• _Work required_
From the line that contains "Energielabel Botterweg 25 Zwolle" down to the final line of the listing below, set down every line exactly, both ends included, and drop the pictures.

• _Dataset content_
────────────────
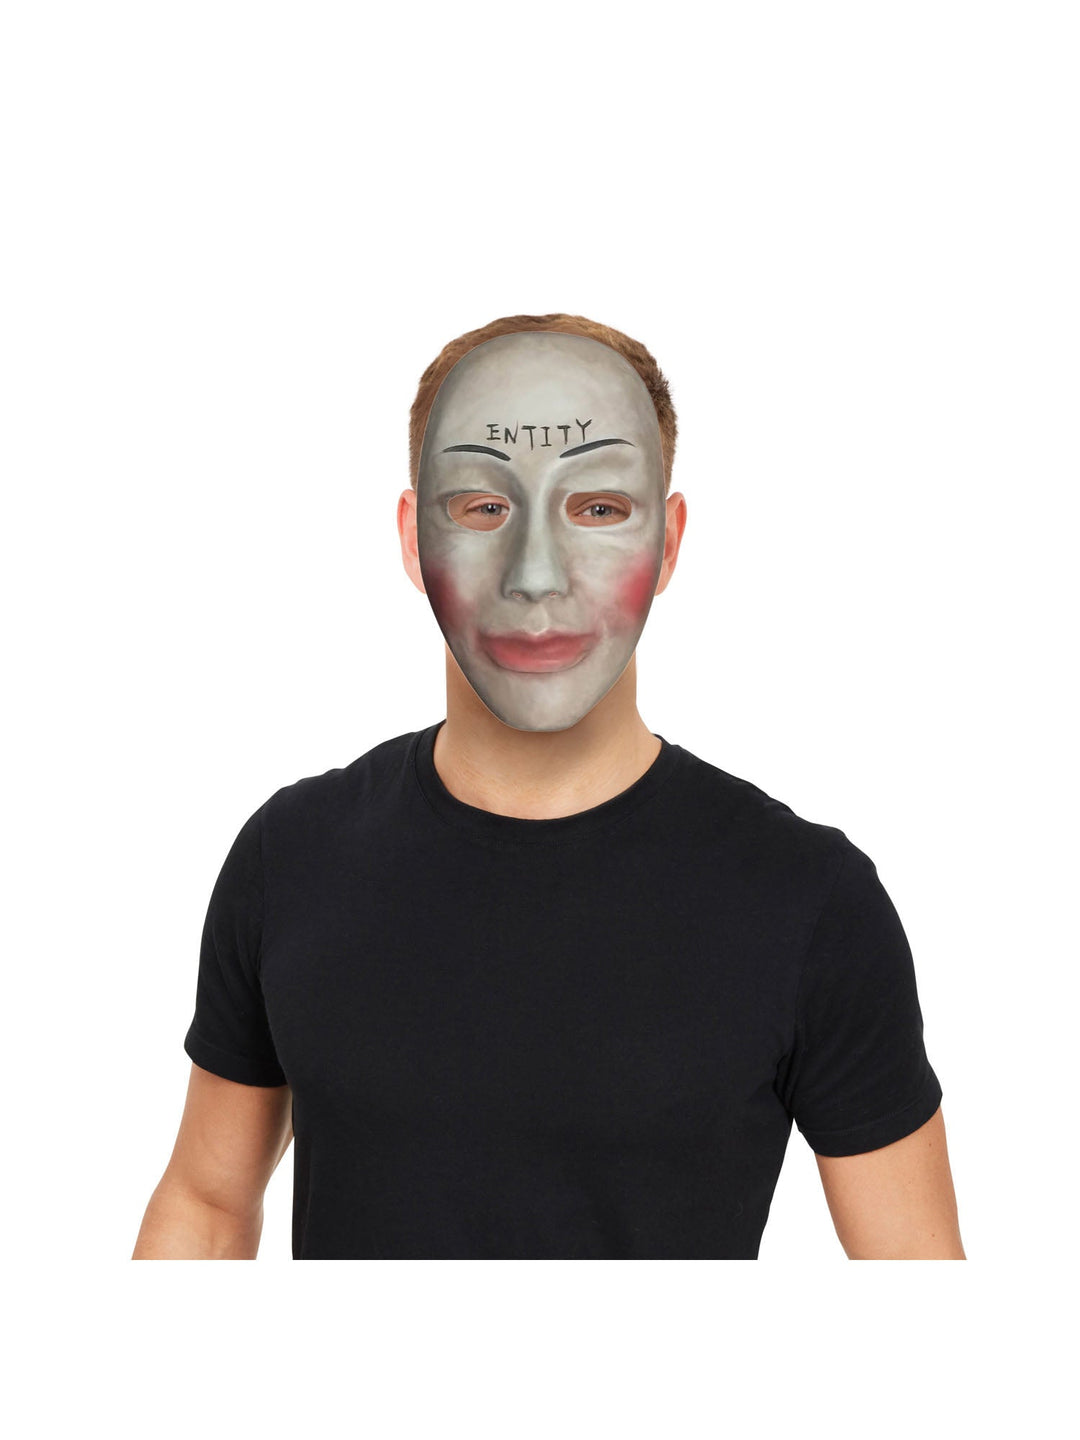 Entity Mask Halloween Scary
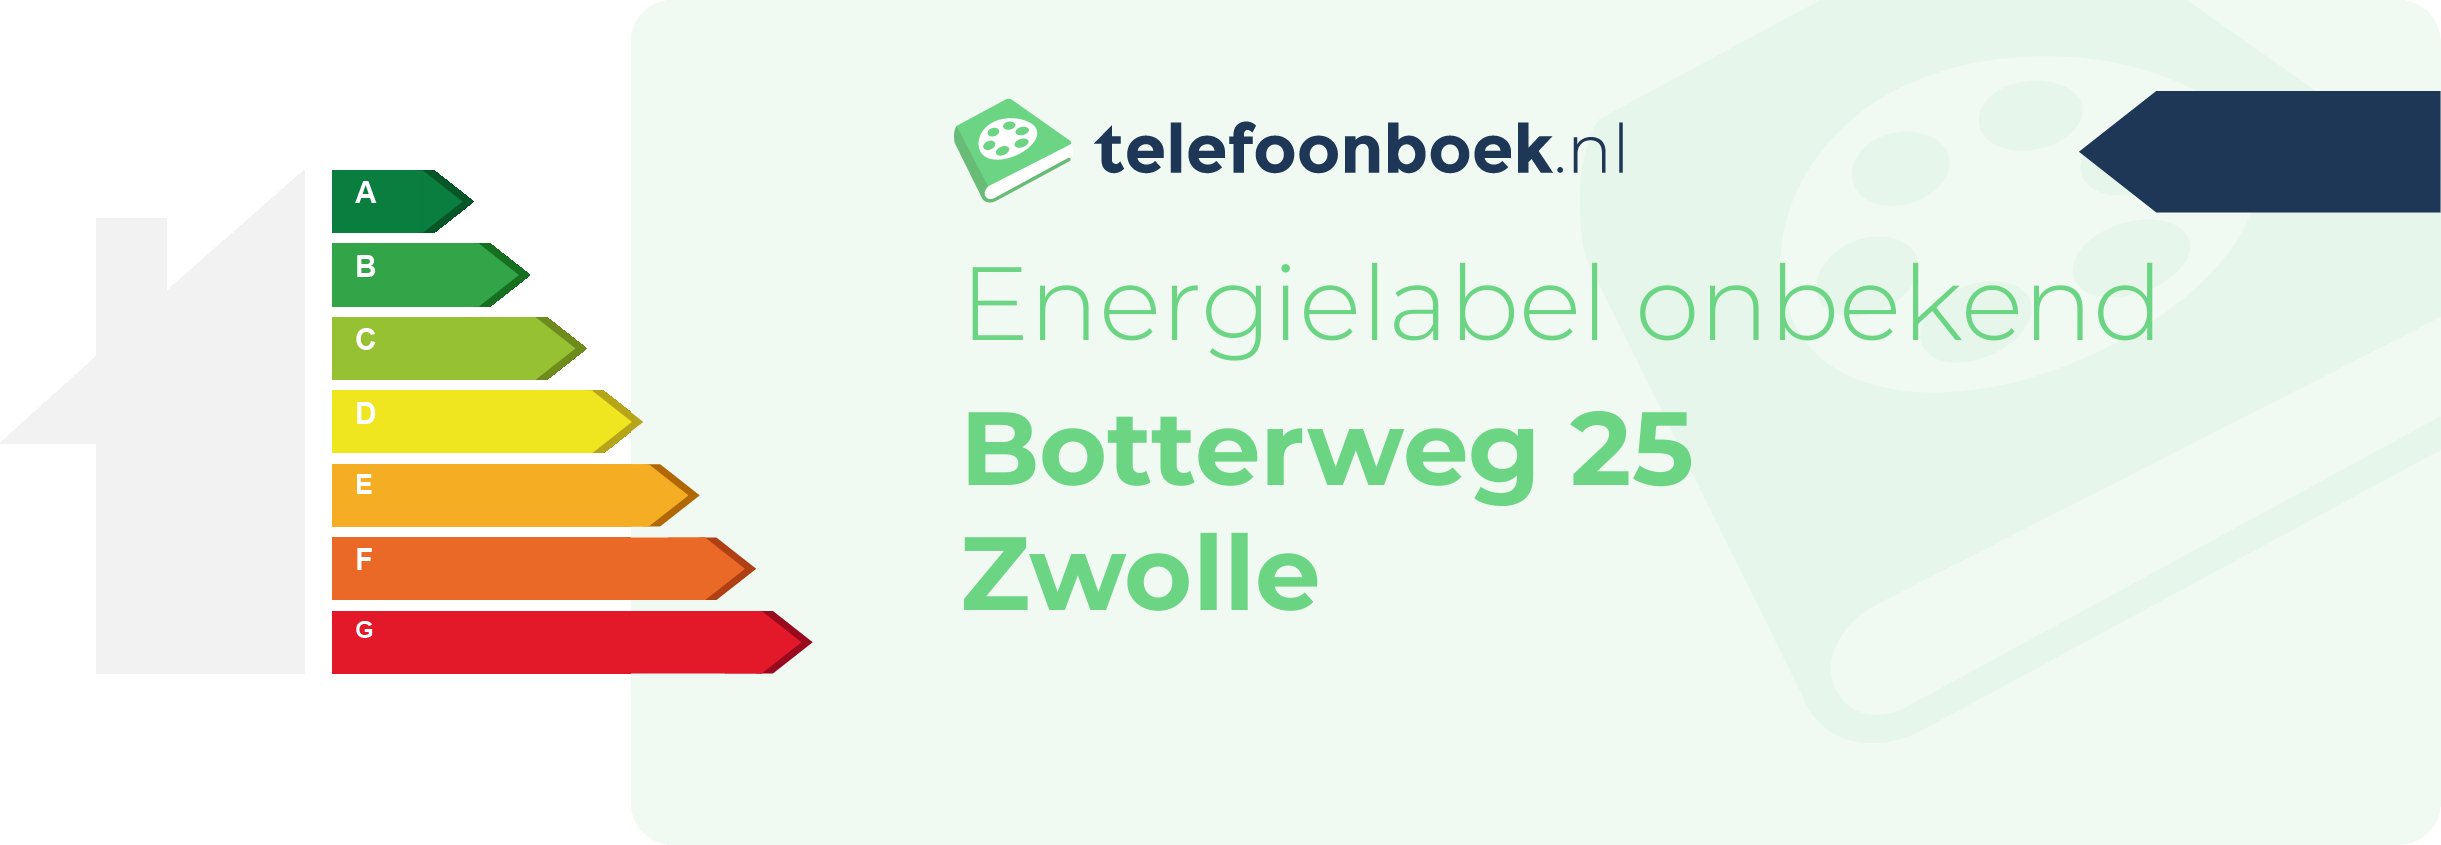 Energielabel Botterweg 25 Zwolle
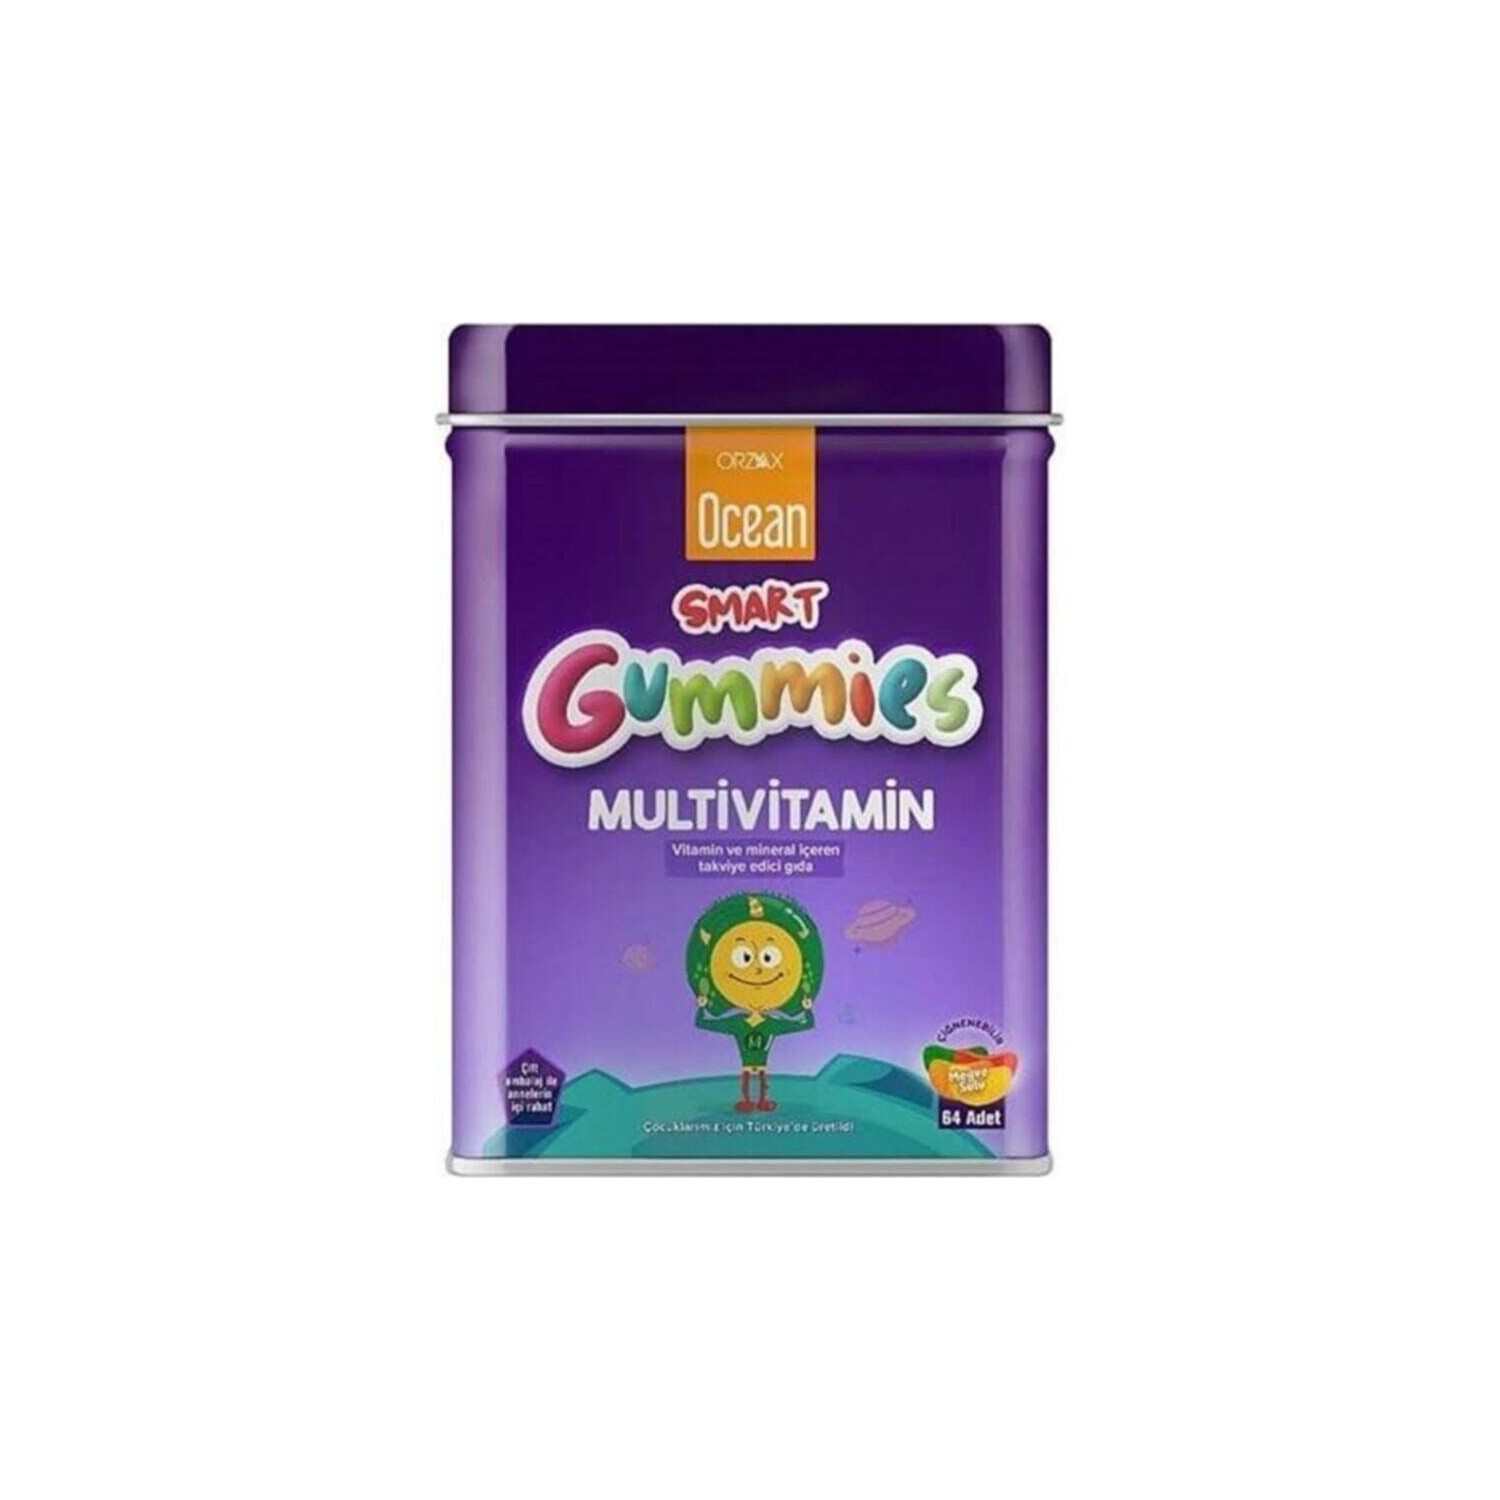 livs gummies men’s multivitamin Поливитамины Ocean Smart Gummies, 3 упаковки по 64 штуки
────────────────
• _Written answer_
 Energielabel Botterweg 25 Zwolle
 livs gummies men’s multivitamin Поливитамины Ocean Smart Gummies, 3 упаковки по 64 штуки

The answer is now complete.